Example: To estimate the Maximum Likelihood Estimator (MLE) for a Poisson distribution, let’s consider the Poisson probability mass function (PMF):

P(X = k | \lambda) = \frac{\lambda^k e^{-\lambda}}{k!}

where \lambda is the rate parameter (the average number of occurrences), and k is the number of events.

Given a sample of n independent observations X_1, X_2, \dots, X_n , the likelihood function is the product of the individual probabilities:

L(\lambda | X_1, X_2, \dots, X_n) = \prod_{i=1}^{n} \frac{\lambda^{X_i} e^{-\lambda}}{X_i!}

The log-likelihood function simplifies to:

\log L(\lambda) = \sum_{i=1}^{n} \left( X_i \log \lambda - \lambda \right) + C

where C is a constant that does not depend on \lambda .

To find the MLE, take the derivative of the log-likelihood with respect to \lambda and set it to zero:

\frac{d}{d\lambda} \log L(\lambda) = \sum_{i=1}^{n} \left( \frac{X_i}{\lambda} - 1 \right) = 0

Solving for \lambda , we get:

\hat{\lambda} = \frac{1}{n} \sum_{i=1}^{n} X_i

Thus, the MLE for \lambda in a Poisson distribution is the sample mean \hat{\lambda} = \bar{X} , which is the average number of events observed in the sample.

To confirm that the value of \hat{\lambda} = \bar{X} is indeed the maximum likelihood estimate for the Poisson distribution, we can use the second derivative test.

Step 1: First Derivative
We already computed the first derivative of the log-likelihood function \log L(\lambda) :

\frac{d}{d\lambda} \log L(\lambda) = \sum_{i=1}^{n} \left( \frac{X_i}{\lambda} - 1 \right)

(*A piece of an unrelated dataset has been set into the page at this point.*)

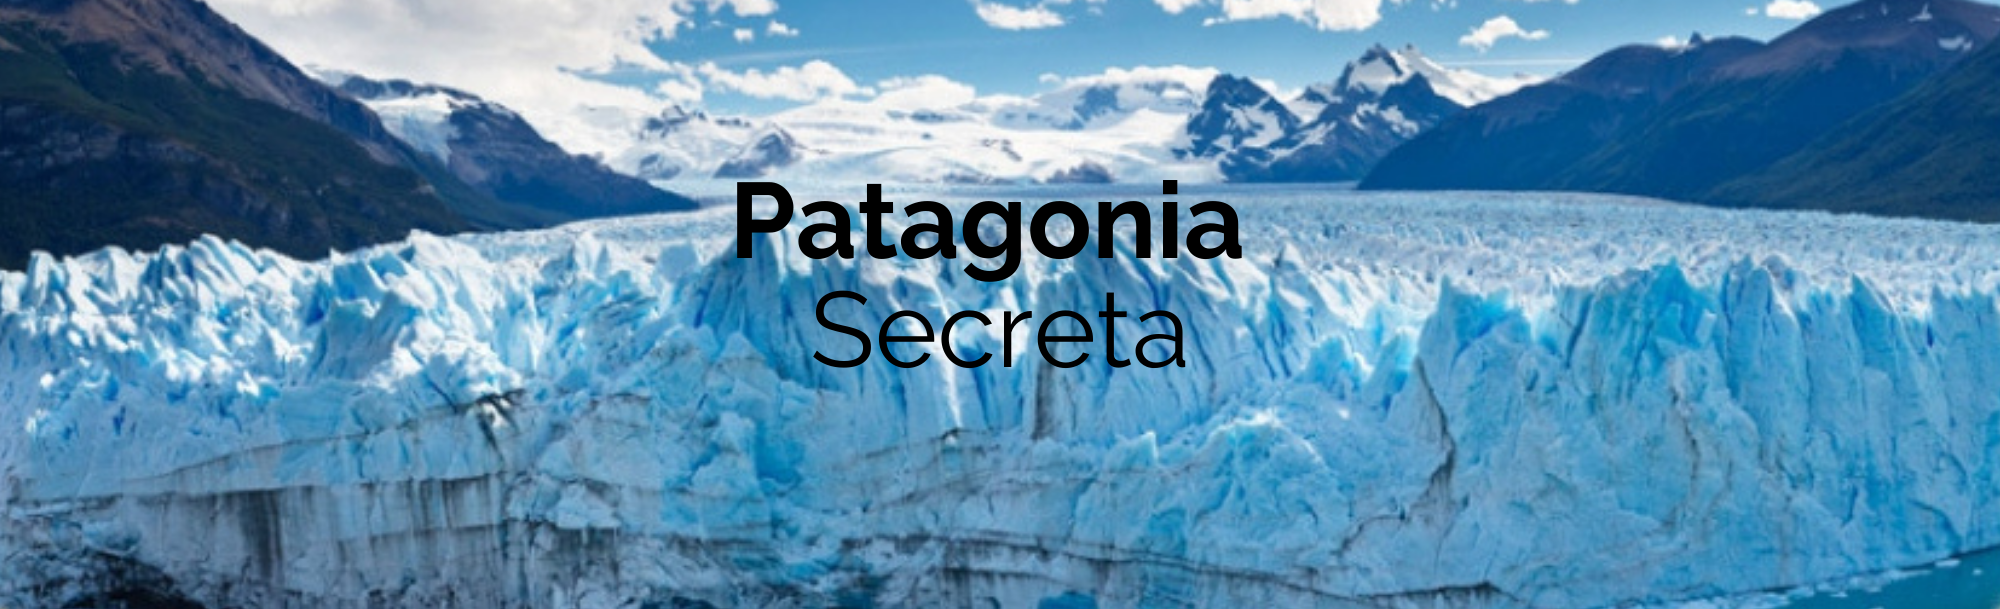 Patagonia Secreta

Setting this to zero and solving for \lambda , we obtained the MLE:

\hat{\lambda} = \frac{1}{n} \sum_{i=1}^{n} X_i = \bar{X}

Step 2: Second Derivative
Now, to apply the second derivative test, we need to compute the second derivative of the log-likelihood function with respect to \lambda :

\frac{d^2}{d\lambda^2} \log L(\lambda) = \frac{d}{d\lambda} \left( \sum_{i=1}^{n} \left( \frac{X_i}{\lambda} - 1 \right) \right) = \sum_{i=1}^{n} \left( -\frac{X_i}{\lambda^2} \right)

This simplifies to:

\frac{d^2}{d\lambda^2} \log L(\lambda) = -\frac{1}{\lambda^2} \sum_{i=1}^{n} X_i = -\frac{n \bar{X}}{\lambda^2}

Step 3: Test for Concavity
For \hat{\lambda} = \bar{X} to be a maximum, the second derivative must be negative at \lambda = \hat{\lambda} . Substituting \hat{\lambda} = \bar{X} into the second derivative:

\frac{d^2}{d\lambda^2} \log L(\lambda) \Big|_{\lambda = \hat{\lambda}} = -\frac{n \bar{X}}{\bar{X}^2} = -\frac{n}{\bar{X}}

Since \bar{X} > 0 and n > 0 , the second derivative is negative. This confirms that the log-likelihood function is concave at \hat{\lambda} , and thus \hat{\lambda} = \bar{X} is indeed the MLE for the Poisson distribution.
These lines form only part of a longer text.